[RECORDS FOR THIS EXERCISE]:
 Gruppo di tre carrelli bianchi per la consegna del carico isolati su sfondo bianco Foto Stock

...

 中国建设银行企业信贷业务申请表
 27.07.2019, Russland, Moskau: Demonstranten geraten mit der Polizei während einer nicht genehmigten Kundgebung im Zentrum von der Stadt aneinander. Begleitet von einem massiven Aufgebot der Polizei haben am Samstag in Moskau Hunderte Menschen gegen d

---

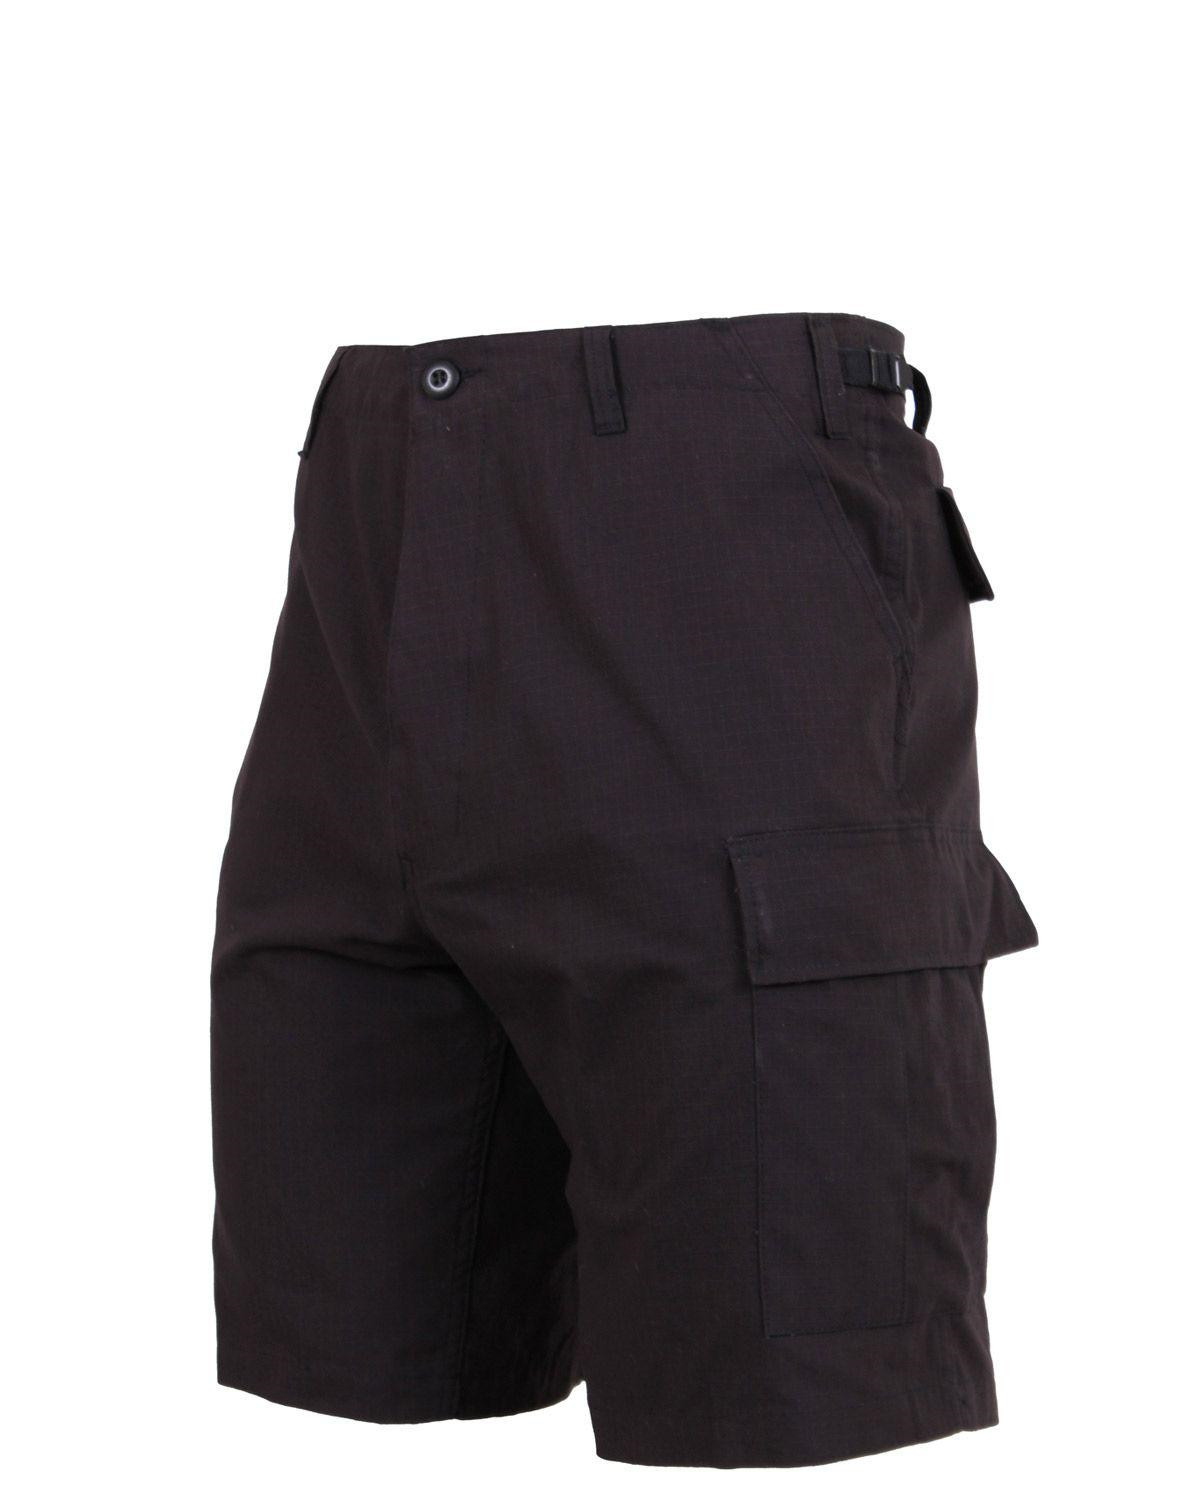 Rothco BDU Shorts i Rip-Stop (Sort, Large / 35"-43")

[YOUR GOAL]: Look above for the line with "中国建设银行企业信贷业务申请表" and the line with "27.07.2019, Russland, Moskau: Demonstranten"; transcribe both and all lines in between, exactly, and nothing else.

[EXPECTED OUTPUT]:
 中国建设银行企业信贷业务申请表
 27.07.2019, Russland, Moskau: Demonstranten geraten mit der Polizei während einer nicht genehmigten Kundgebung im Zentrum von der Stadt aneinander. Begleitet von einem massiven Aufgebot der Polizei haben am Samstag in Moskau Hunderte Menschen gegen d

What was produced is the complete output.